# IIT MADRAS || Pt. Birju Maharaj, Malladi and Gundecha Brothers Concert



## Saarang

"Pt Birju Maharaj, recipient of the PadmaVibhushan is a living legend and currently the leading exponent of the Lucknow Kalka-Bindadin gharana of Kathak dance in India. He has toured extensively, having given thousands of performances across the world. Founder of the Kalashram Dance Foundation, he has taken Kathak to new heights, choreographing extravagant pieces along relevant themes, accessible to all audiences. Saarang 2013 brings to you Kathak Yatra, an elaborate production depicting Kathak through the ages, starting from the form of storytelling in temples, through the courts of Muslim rulers who patronized the art form, to the present day.



Umakant and Ramakant Gundecha are one of India's leading exponents of the Dhrupad style of music. They are among the most active performers of Dhrupad in Indian and international circuits, and have won over 10 award for their rich contribution to Hindustani Music.
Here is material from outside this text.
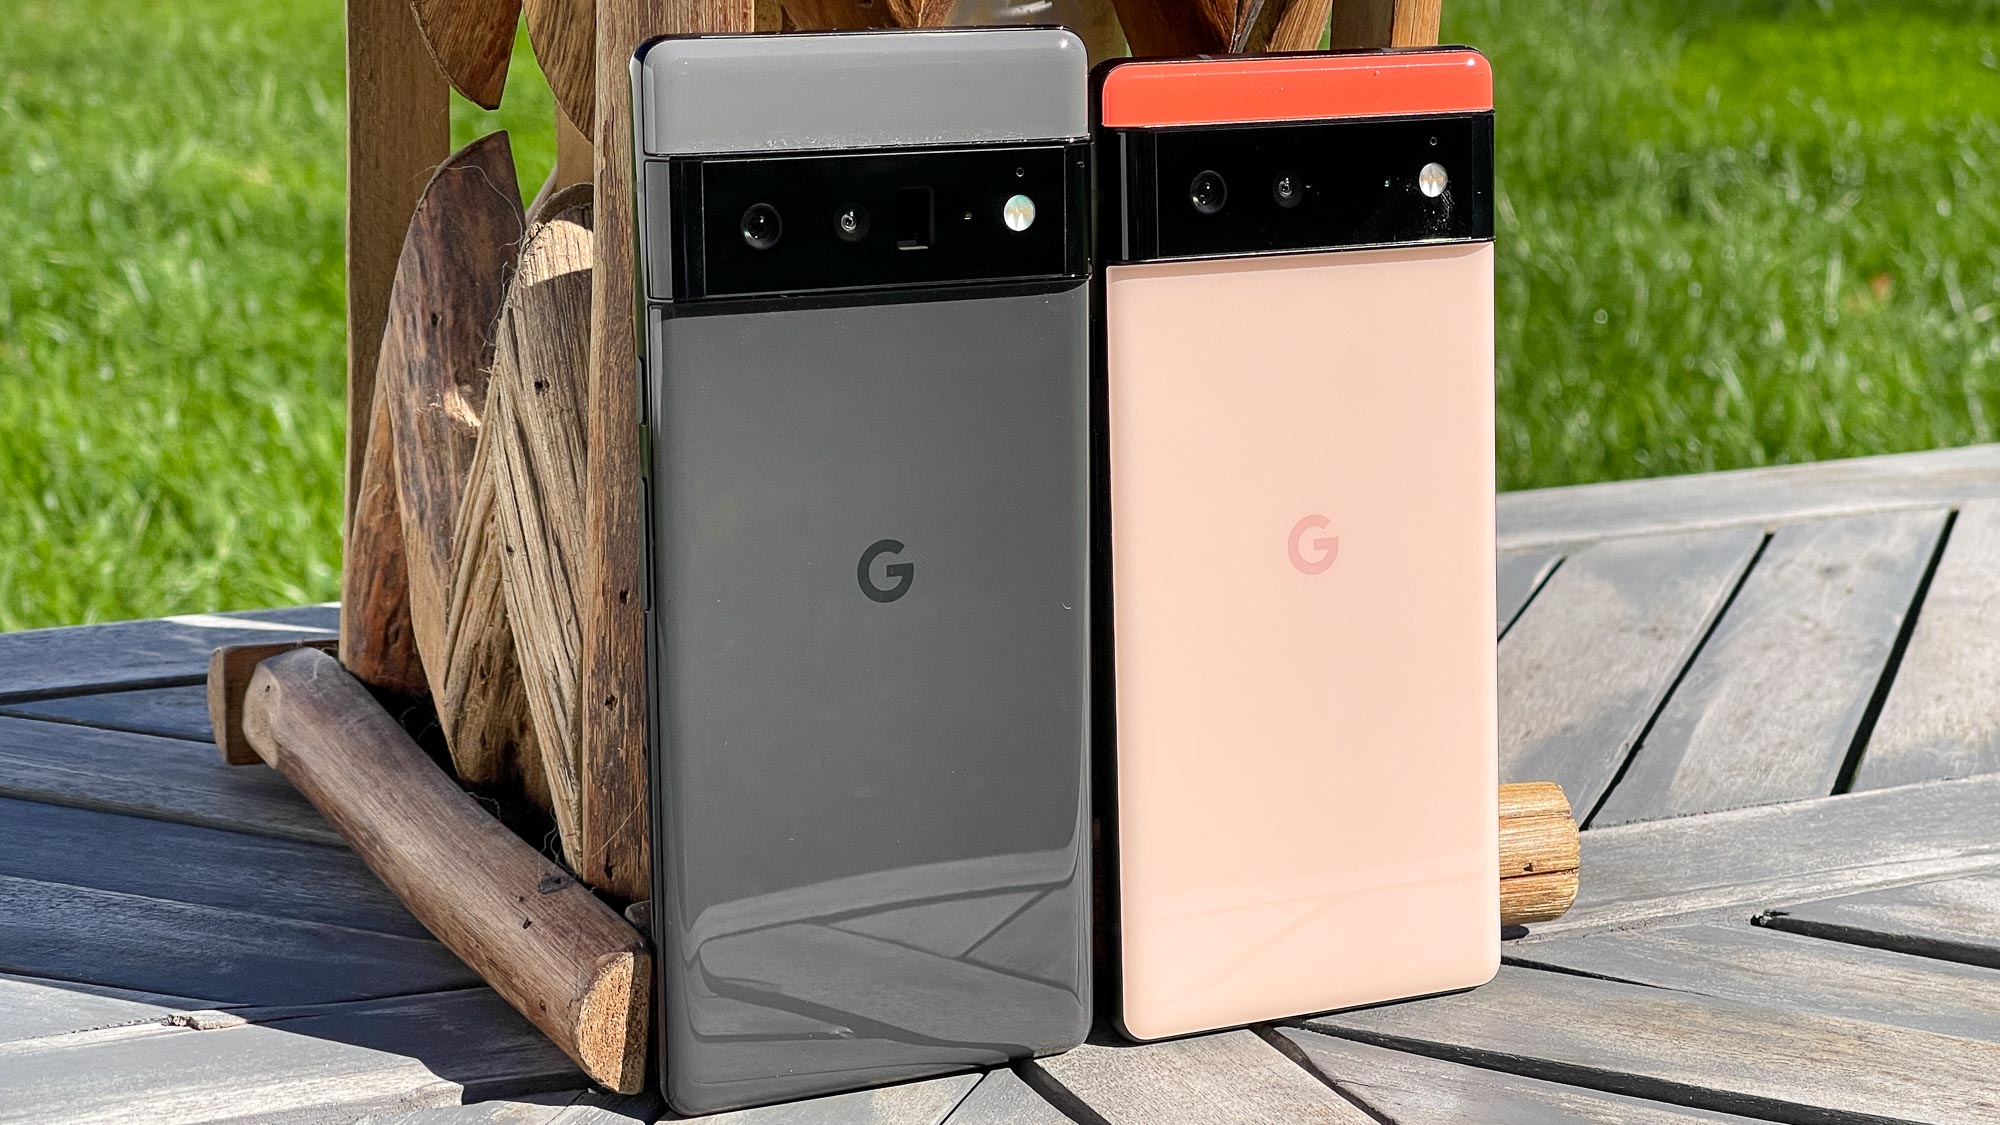 The Google 6 Pro (left, in black) and Google Pixel 6 (right, in coral), leaning together against a tree on wooden decking

Malladi Brothers Sreeram Prasad and Ravikumar were born with a legacy and rich tradition accrued through their grandfather Late Malladi Srirama Murthy. The brothers possess a large repertoire of Carnatic compositions, and are famous for their powerful, vibrant voices.
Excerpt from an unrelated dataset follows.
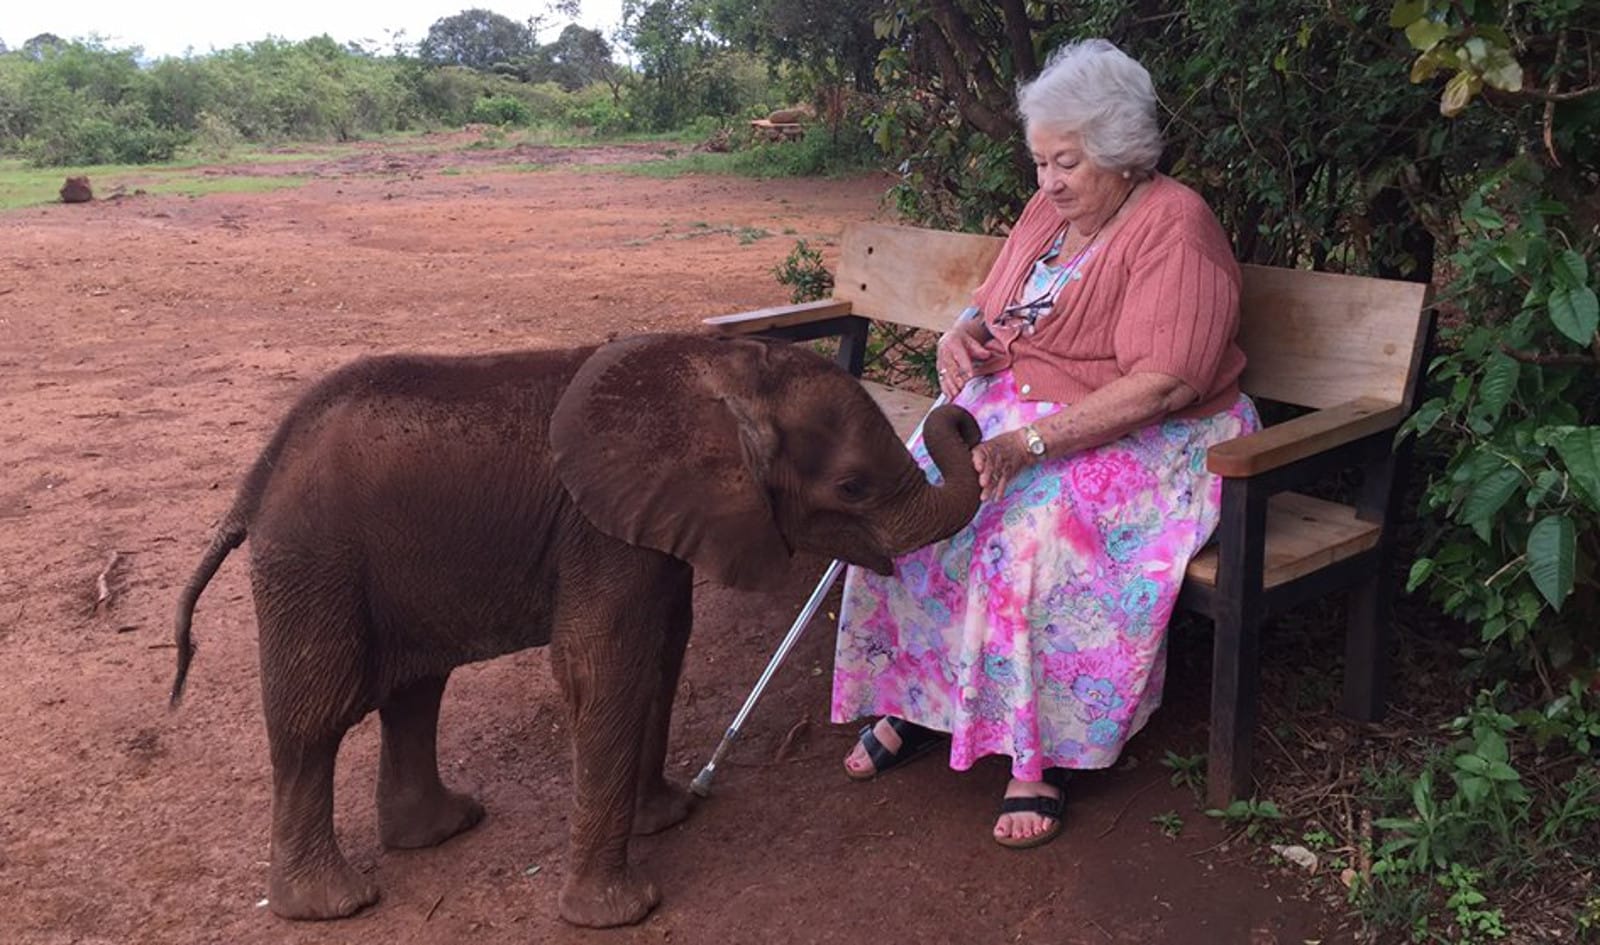 Meet the Amazing 81-Year-Old Conservationist Who's Saving Africa's Last Elephants

Together, these two brother-duos blend the two most important music forms in India, with their much awaited performance- 'Brothers in Unison'. "


Date: Dec 9th, 2013

Time: 1800 hrs

Tickets: Free Entry till capacity

Location: Open Air Theater, Indian Institute of Technology Madras, Adyar Chennai-600036

Open Air Theater
Guindy
Chennai, Tamil Nadu


----------